The categorical contours of the Chomsky-Schützenberger representation theorem
Paul-André Melliès, Noam Zeilberger
TL;DR
This work recasts context-free grammars and nondeterministic finite-state automata within a unified categorical framework, treating grammars as functors from free operads and automata as finitary ULF functors, thereby enabling CFGs and NFAs to be studied over arbitrary categories and operads. The key innovations are the operad of spliced arrows, the contour category with its adjunction to splicing, and the universal tree contour language, which together yield a generalized Chomsky–Schützenberger representation: a language is a CFL of arrows iff it is a functorial image of the intersection of a tree contour language with a regular language. The authors develop closure properties, a fibrational parsing view, and a pullback construction that jointly handle the intersection of CFLs with regular languages, and they extend the framework to generalized CFGs over arbitrary operads, including multiple and parallel CFGs. Collectively, the results provide a robust categorical foundation for formal languages, automata, and parsing, with potential implications for type systems, LR parsing, and cross-domain applications in category theory and computer science.
Abstract
We develop fibrational perspectives on context-free grammars and on nondeterministic finite-state automata over categories and operads. A generalized CFG is a functor from a free colored operad (aka multicategory) generated by a pointed finite species into an arbitrary base operad: this encompasses classical CFGs by taking the base to be a certain operad constructed from a free monoid, as an instance of a more general construction of an \emph{operad of spliced arrows} $\mathcal{W}\,\mathcal{C}$ for any category $\mathcal{C}$. A generalized NFA is a functor from an arbitrary bipointed category or pointed operad satisfying the unique lifting of factorizations and finite fiber properties: this encompasses classical word automata and tree automata without $ε$-transitions, but also automata over non-free categories and operads. We show that generalized context-free and regular languages satisfy suitable generalizations of many of the usual closure properties, and in particular we give a simple conceptual proof that context-free languages are closed under intersection with regular languages.

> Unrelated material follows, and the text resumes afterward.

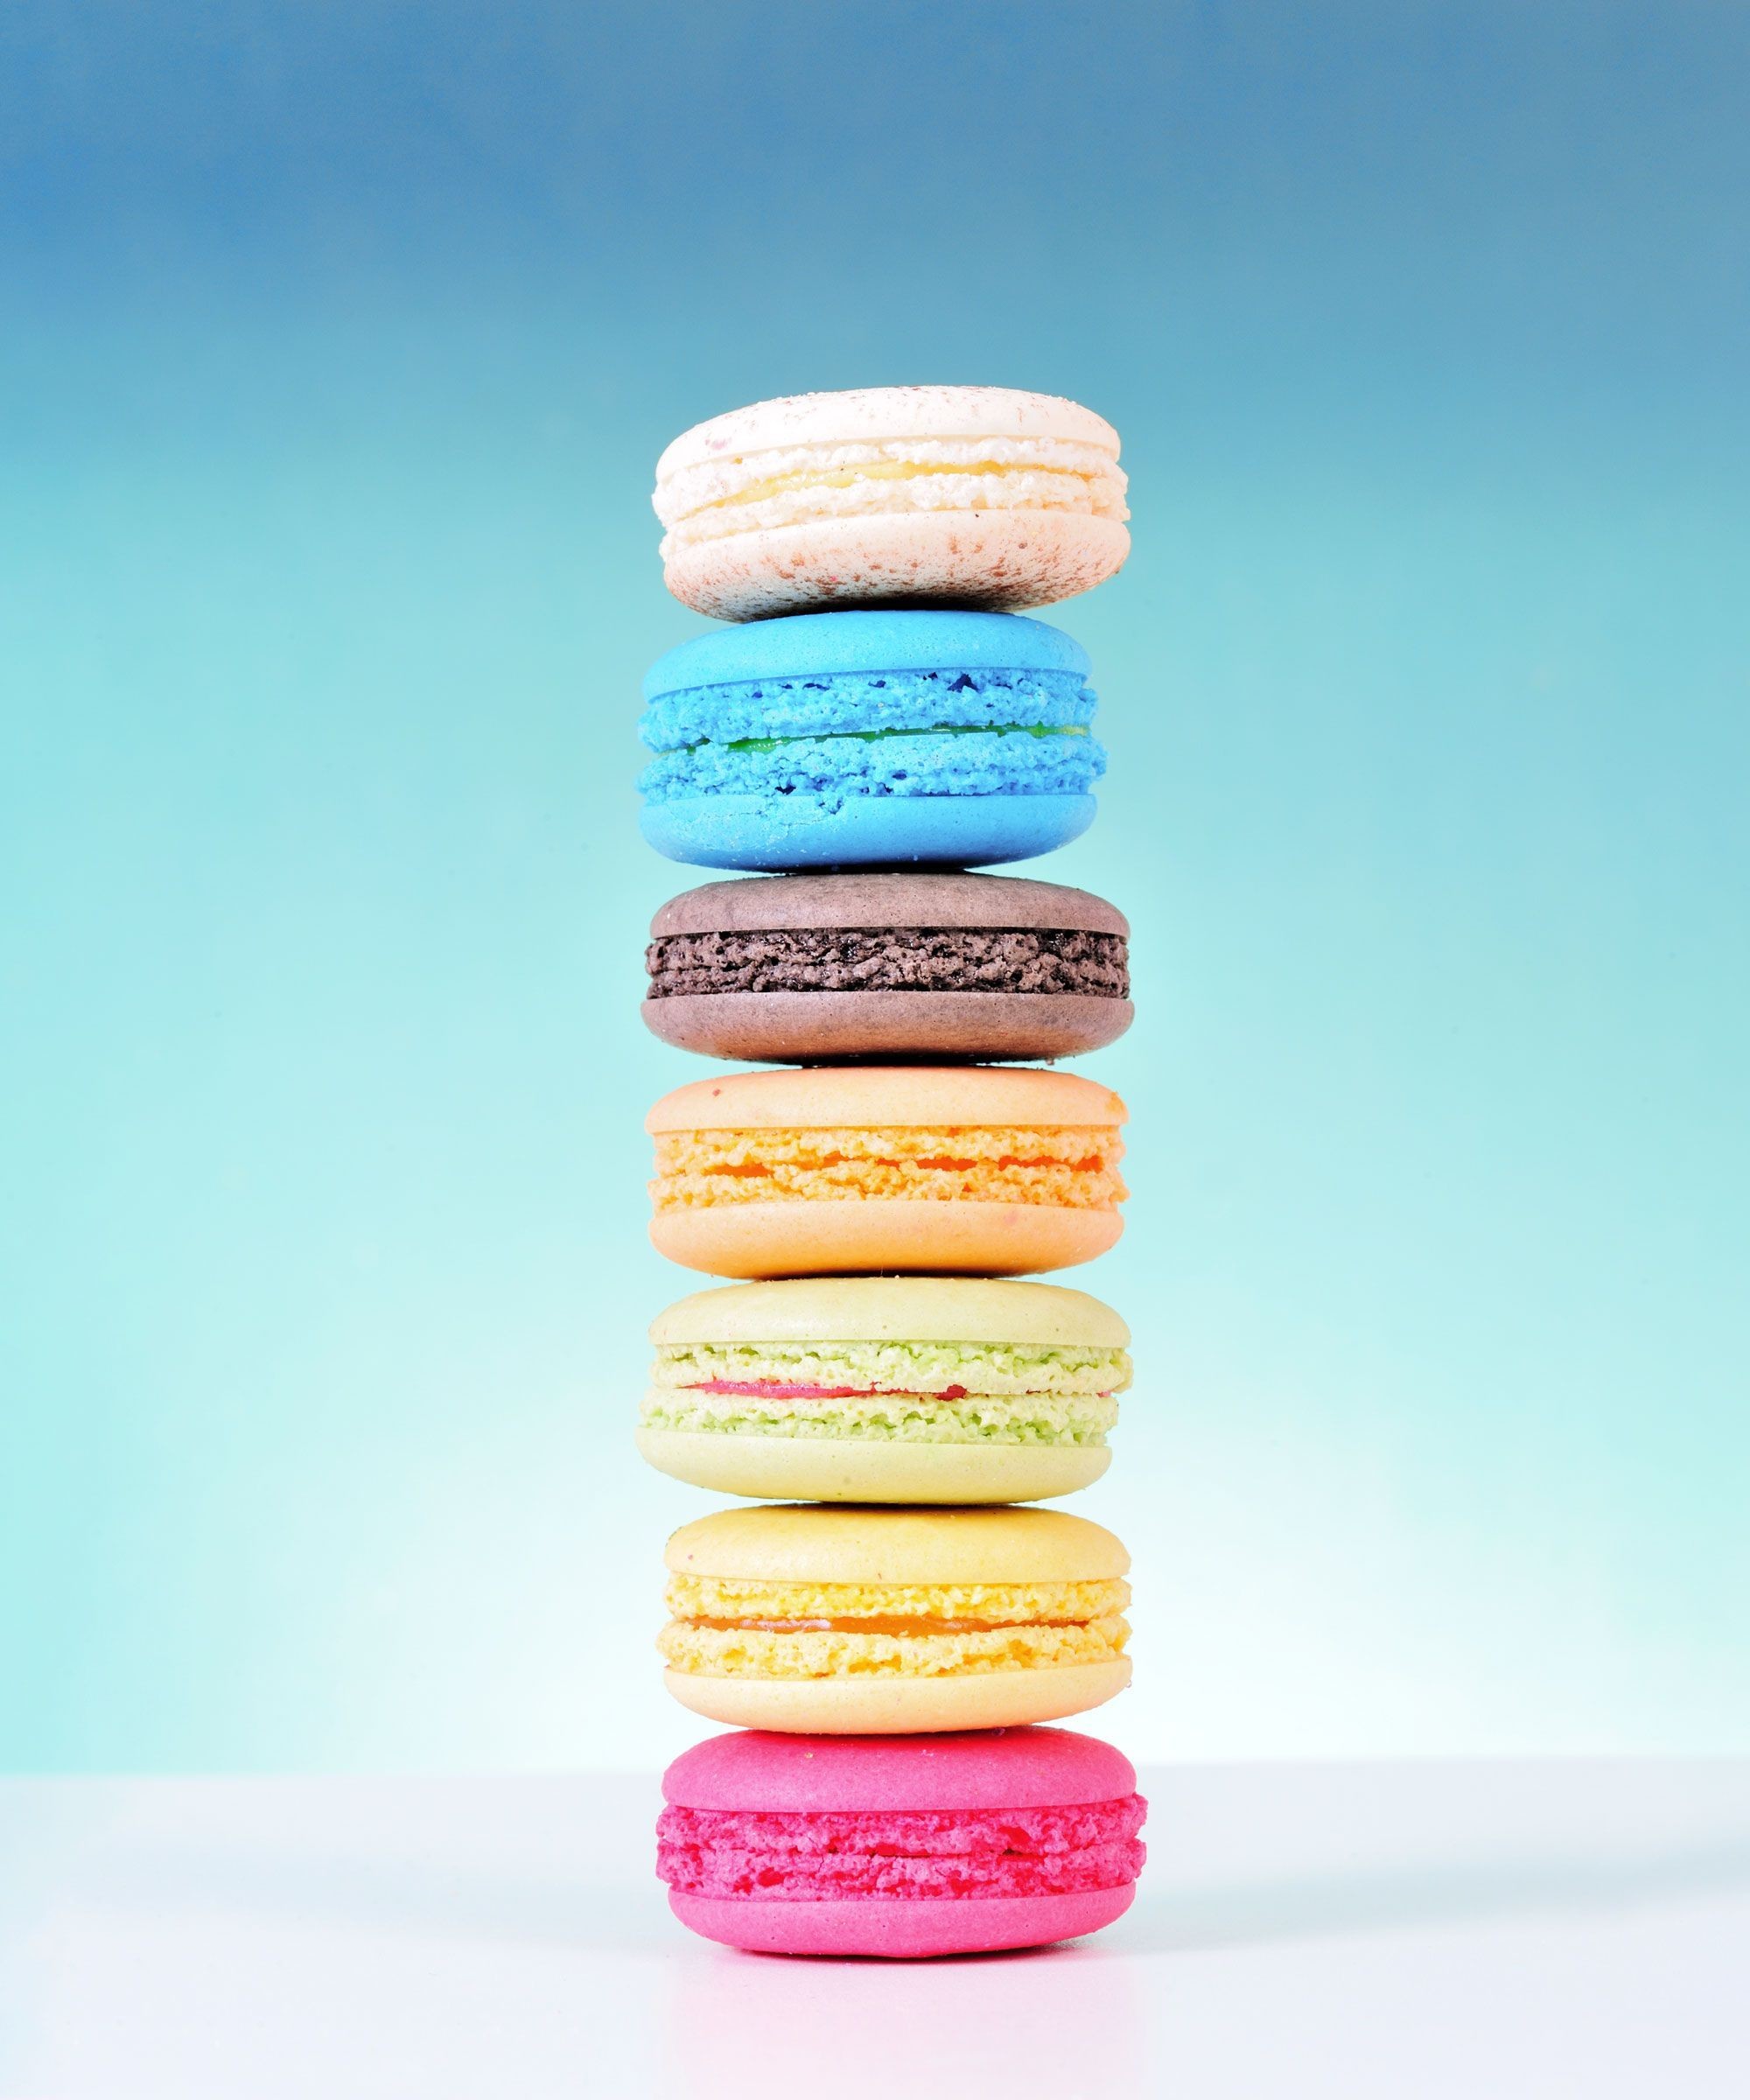 2000x2400 Best Macaron Recipe - How To Make Macarons | These are the best macaron  recipes on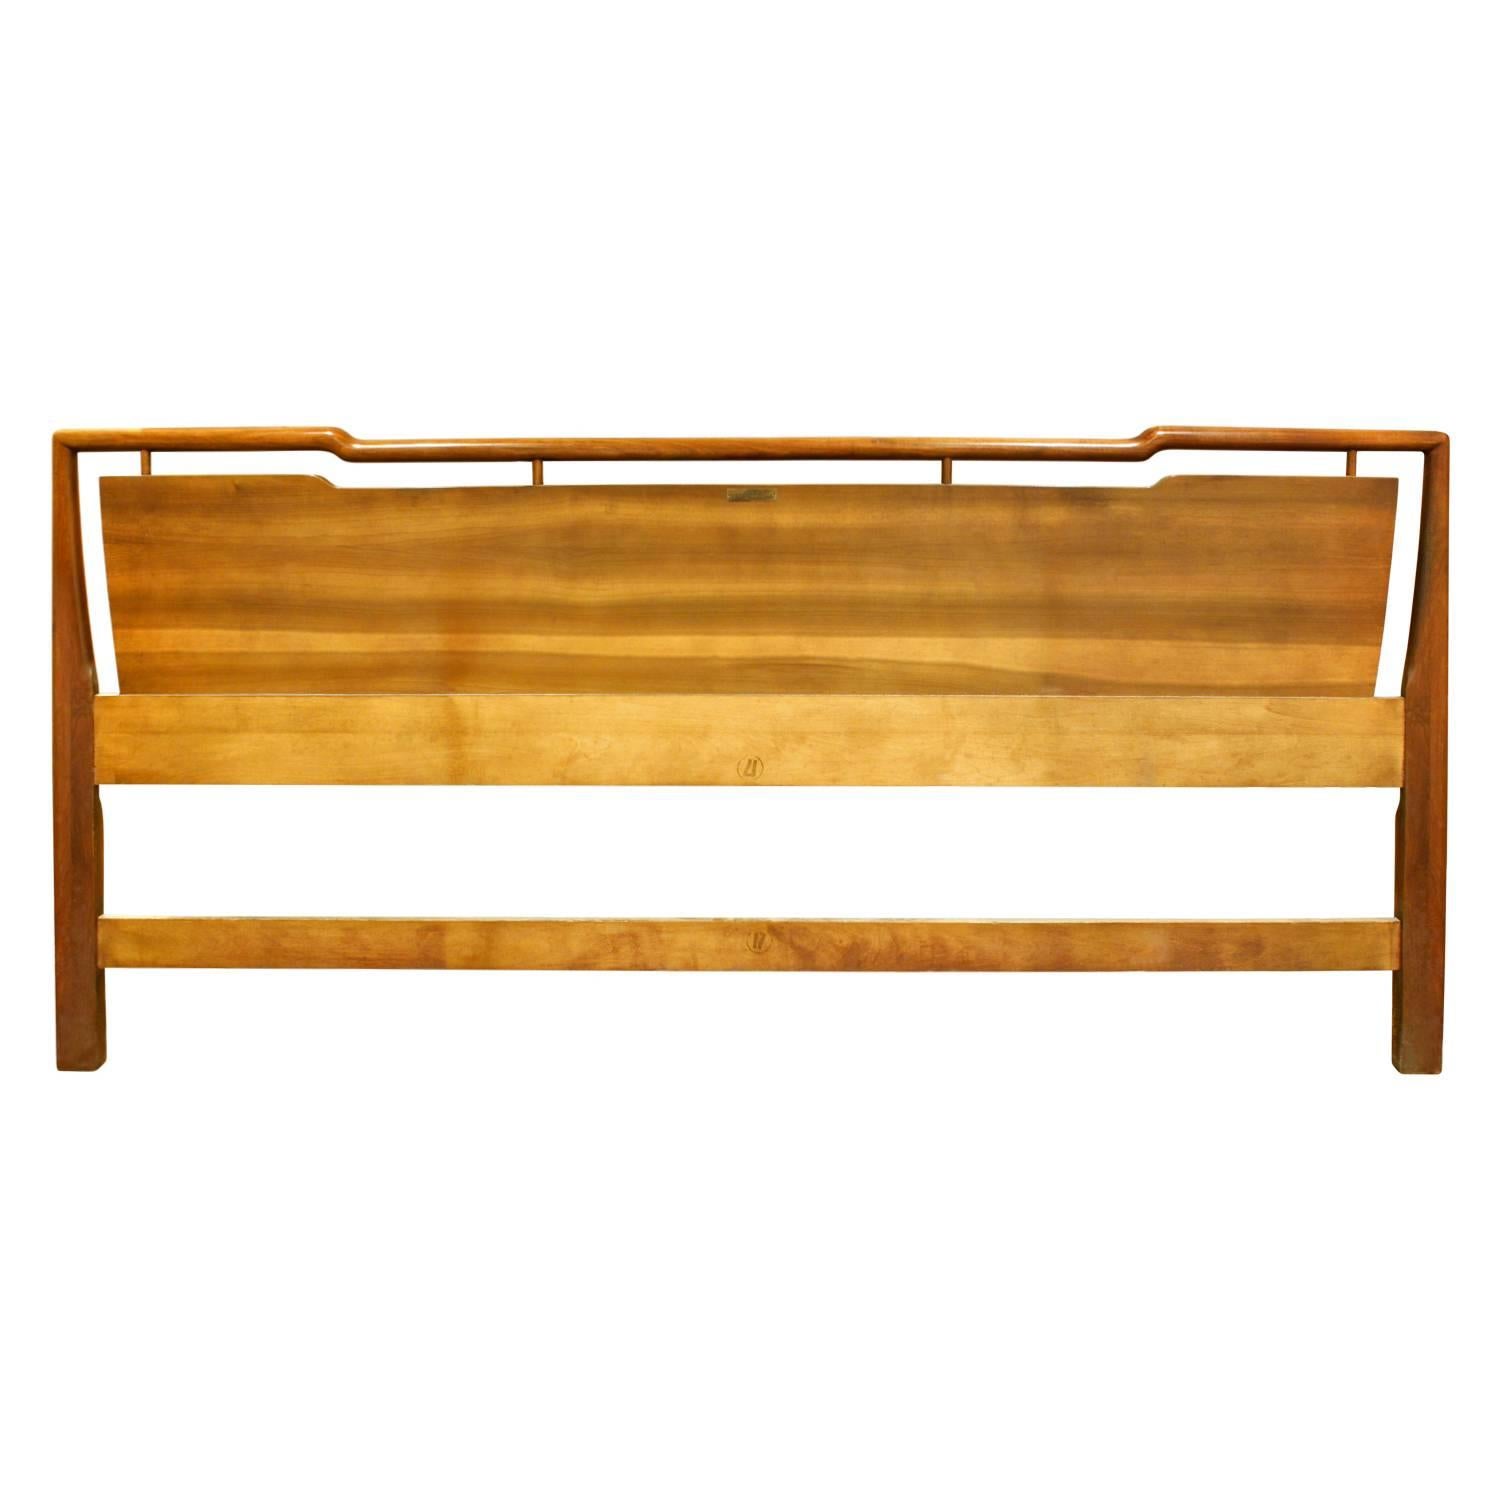 king-size head board in walnut with brass accents by JohnWiddicomb, American, 1950s (metal tag on back reads

Finally, we observe that the splicing functor $\mathcal{W} : Cat \to Oper$ admits a left adjoint $\mathcal{C}: Oper \to Cat$, which we call the \emph{contour category} construction since the arrows of $\mathcal{C}\,\mathcal{O}$ have a geometric interpretation as oriented contours of operations of $\mathcal{O}$. A direct consequence of the contour / splicing adjunction is that every pointed finite species induces a universal CFG generating a language of \emph{tree contour words.} This leads us to a generalization of the Chomsky-Schützenberger Representation Theorem, establishing that a subset of a homset $L \subseteq \mathcal{C}(A,B)$ is a CFL of arrows if and only if it is a functorial image of the intersection of a $\mathcal{C}$-chromatic tree contour language with a regular language.